= Data =
::::::::

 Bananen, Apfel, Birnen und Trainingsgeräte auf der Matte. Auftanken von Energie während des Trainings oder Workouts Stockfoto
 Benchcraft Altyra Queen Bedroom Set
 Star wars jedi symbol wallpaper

::::::::

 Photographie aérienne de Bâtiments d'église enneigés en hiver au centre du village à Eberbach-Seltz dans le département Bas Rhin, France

::::::::

= Problem statement =
Would you retype the lines above from the one with "Benchcraft Altyra Queen Bedroom Set" down to the one with "Star wars jedi symbol wallpaper", word for word, both ends included and no other lines?

= Output =
 Benchcraft Altyra Queen Bedroom Set
 Star wars jedi symbol wallpaper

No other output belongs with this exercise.